━━ RECORD EXCERPTS
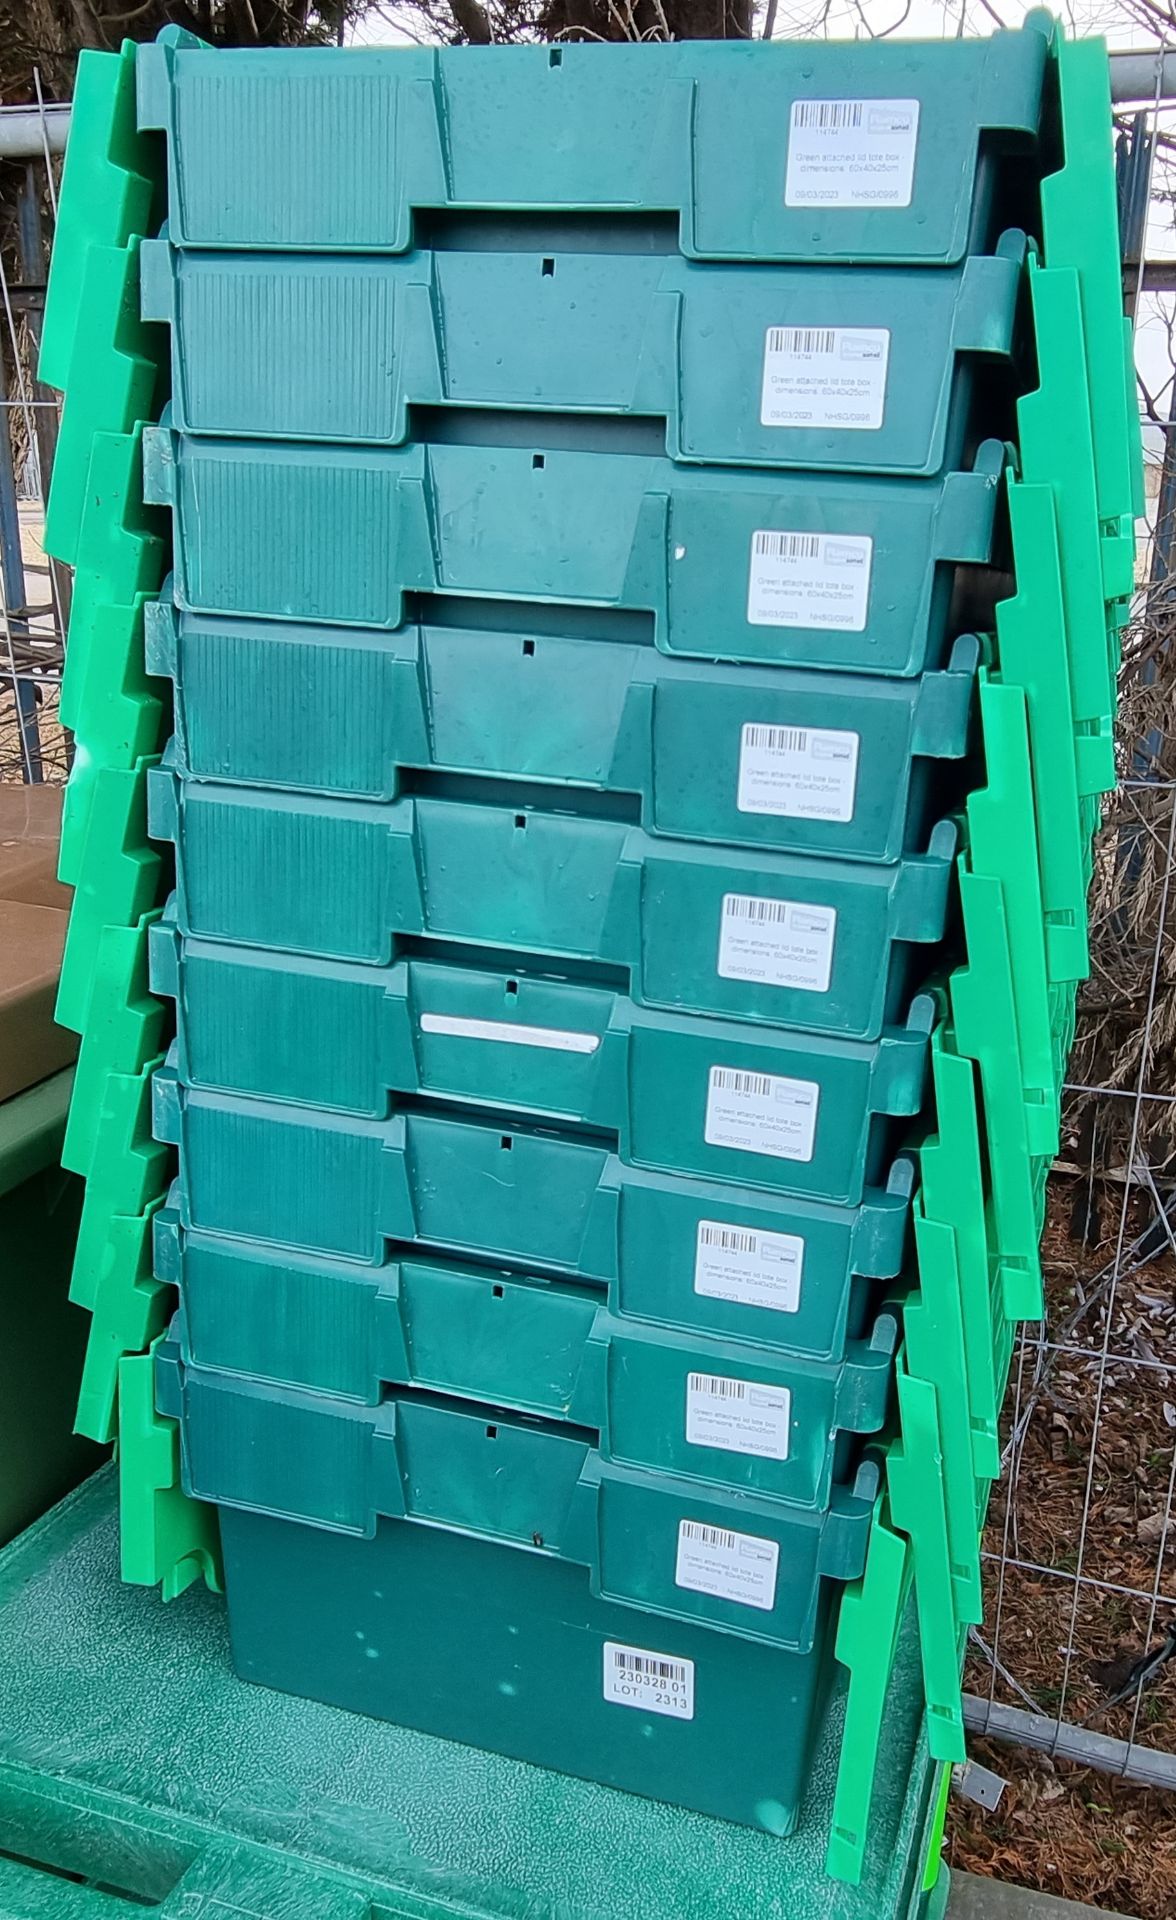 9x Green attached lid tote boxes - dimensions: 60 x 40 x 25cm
━━━━
━━ RECORD EXCERPTS
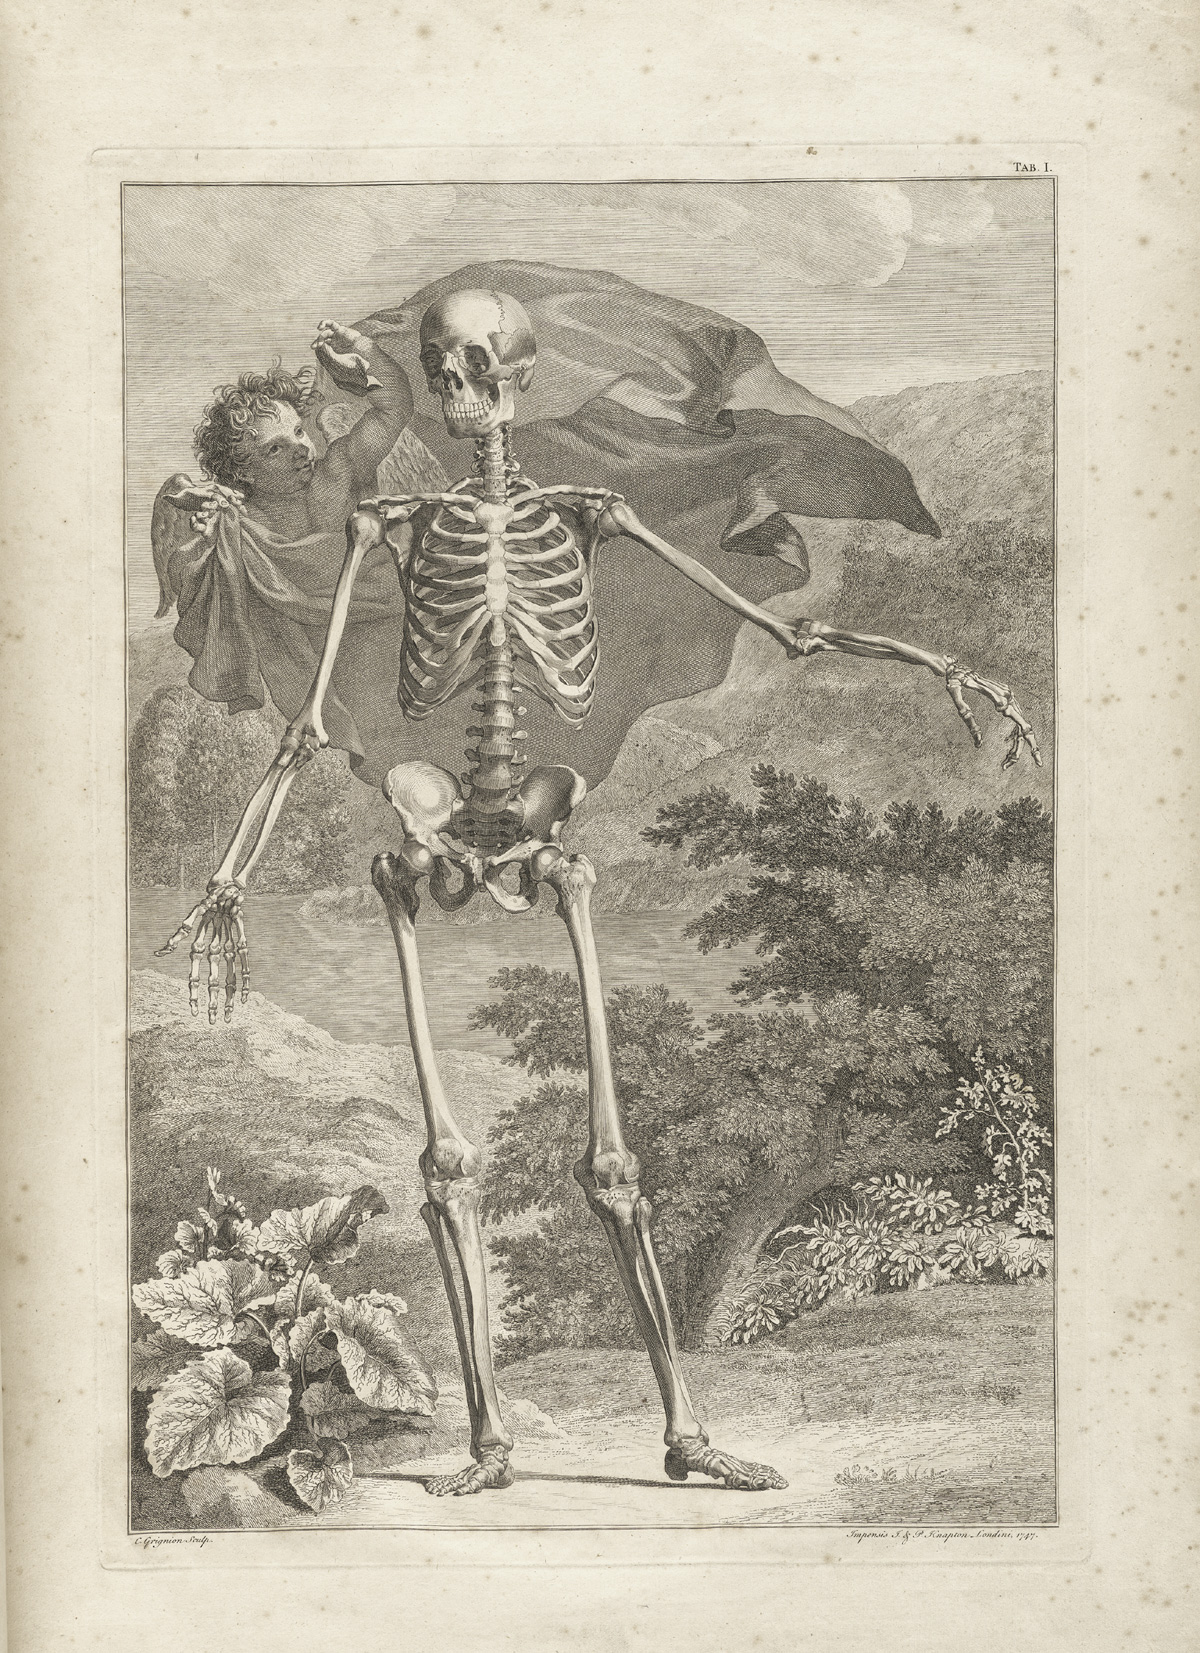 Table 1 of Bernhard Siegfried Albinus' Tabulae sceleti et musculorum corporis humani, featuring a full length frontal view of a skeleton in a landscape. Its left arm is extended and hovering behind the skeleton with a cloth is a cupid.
━━━━
━━ RECORD EXCERPTS
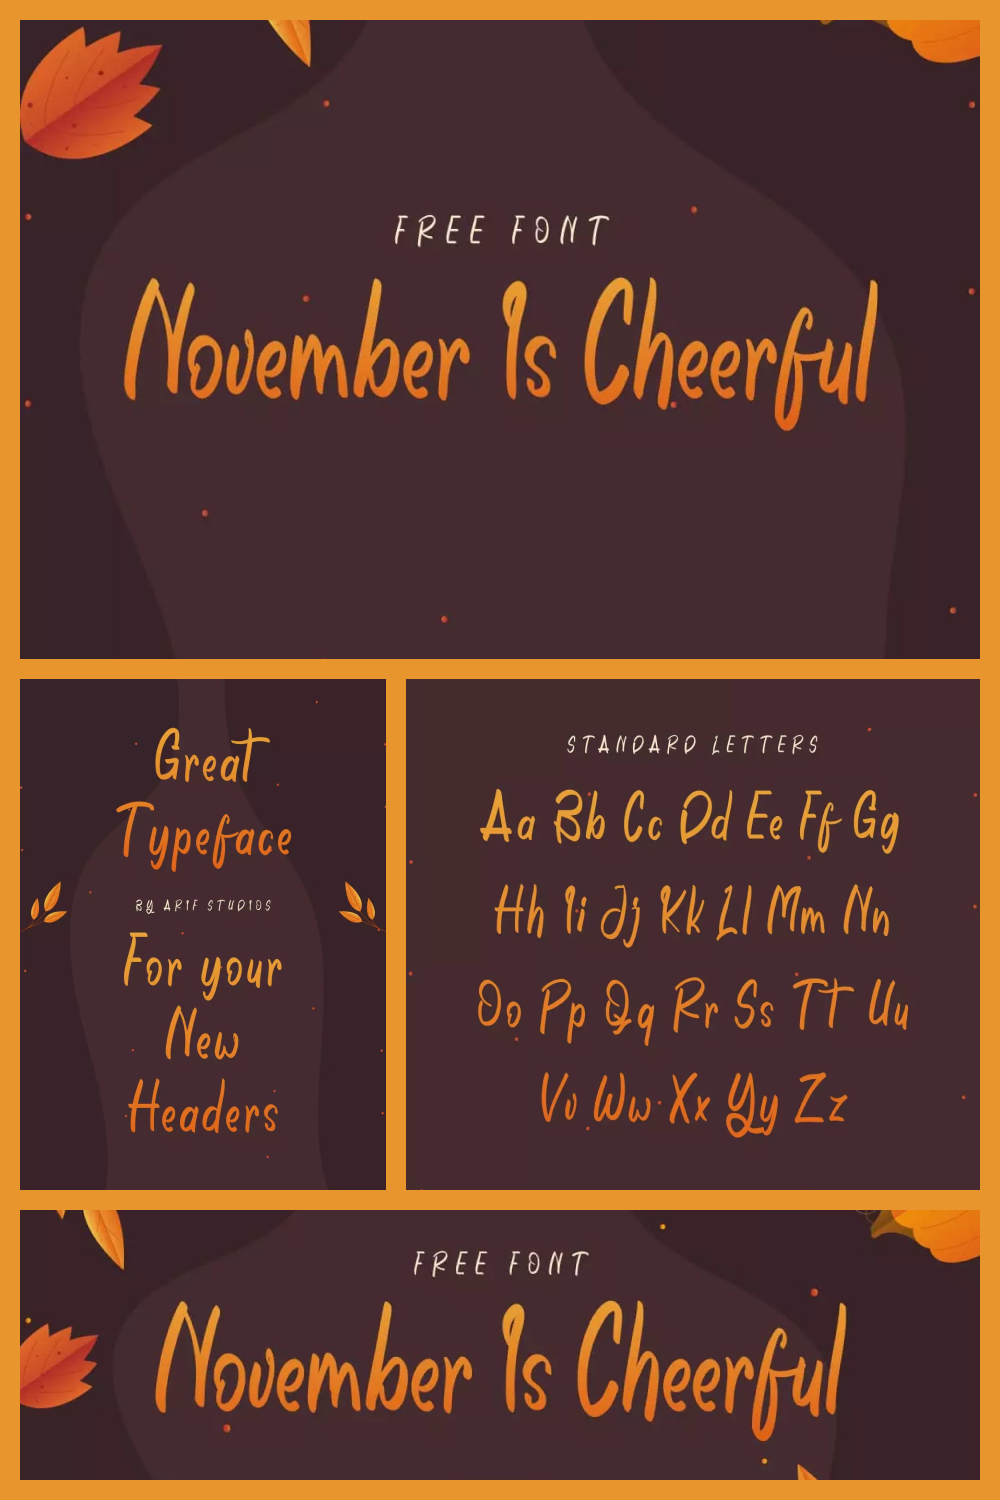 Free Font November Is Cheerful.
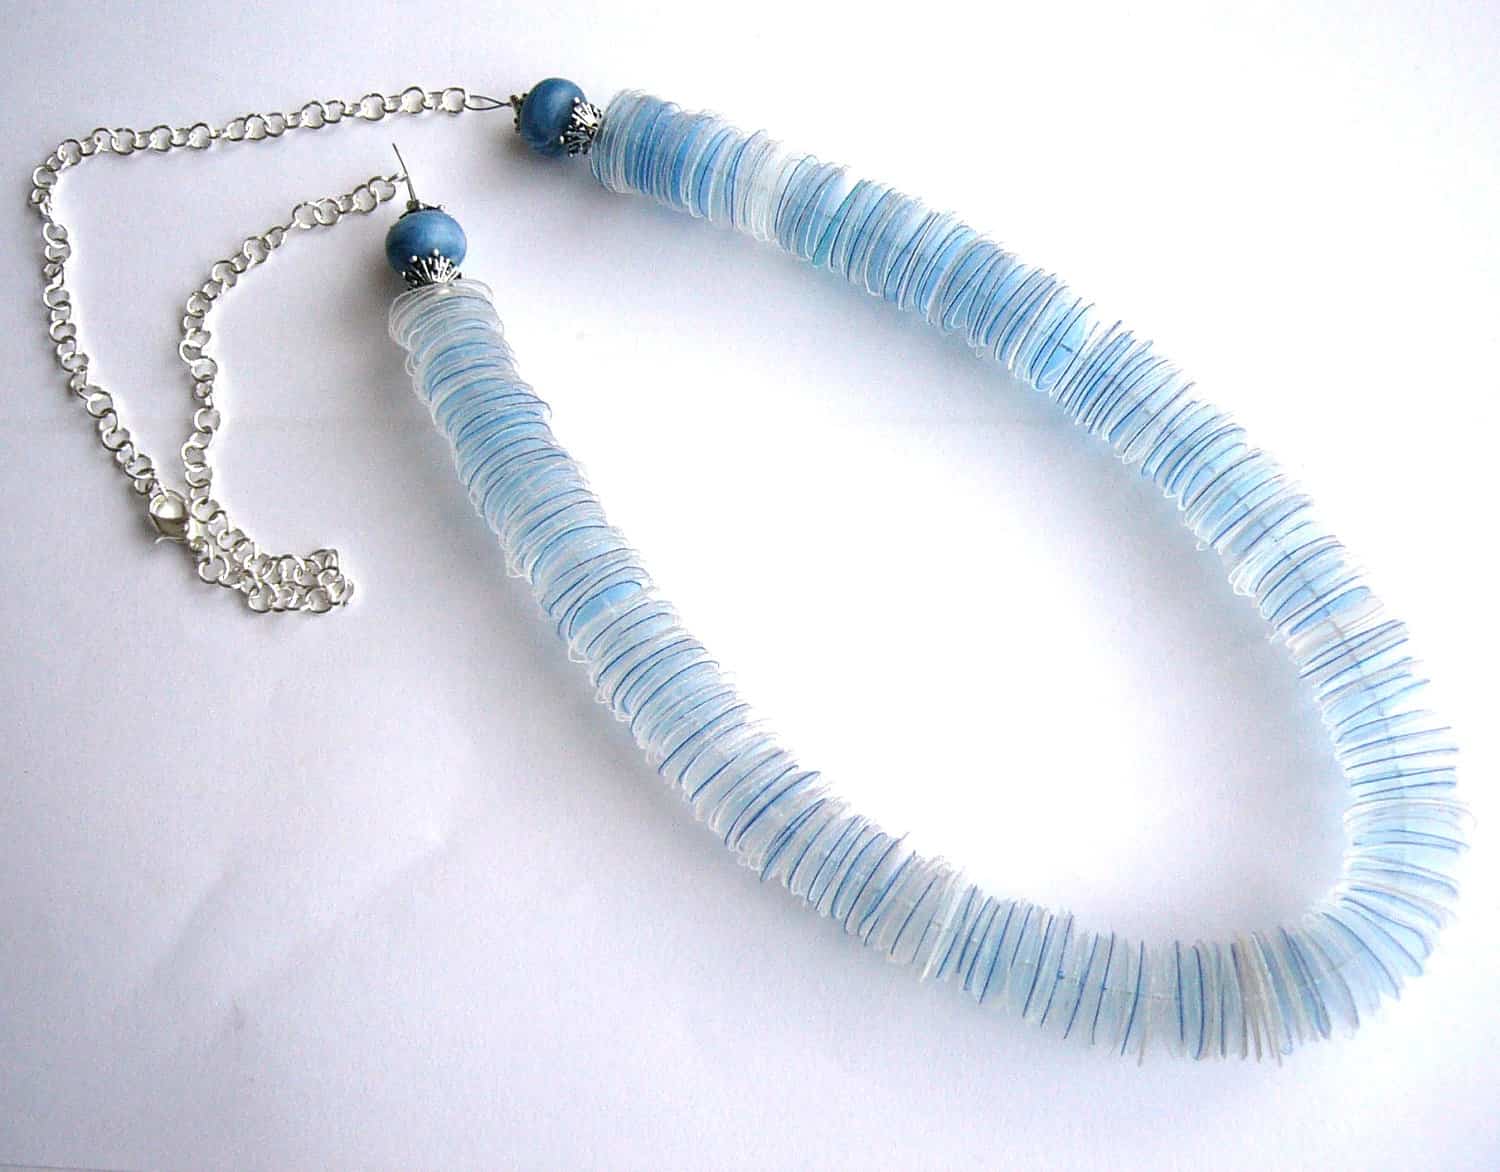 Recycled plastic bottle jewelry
━━━━
*EXERCISE DIRECTIONS:*
In the data above, the stretch from the line with "Free Font November Is Cheerful." through the line with "Recycled plastic bottle jewelry" is to be returned exactly, minus any pictures.

*OUTPUT BELOW:*
 Free Font November Is Cheerful.
 Recycled plastic bottle jewelry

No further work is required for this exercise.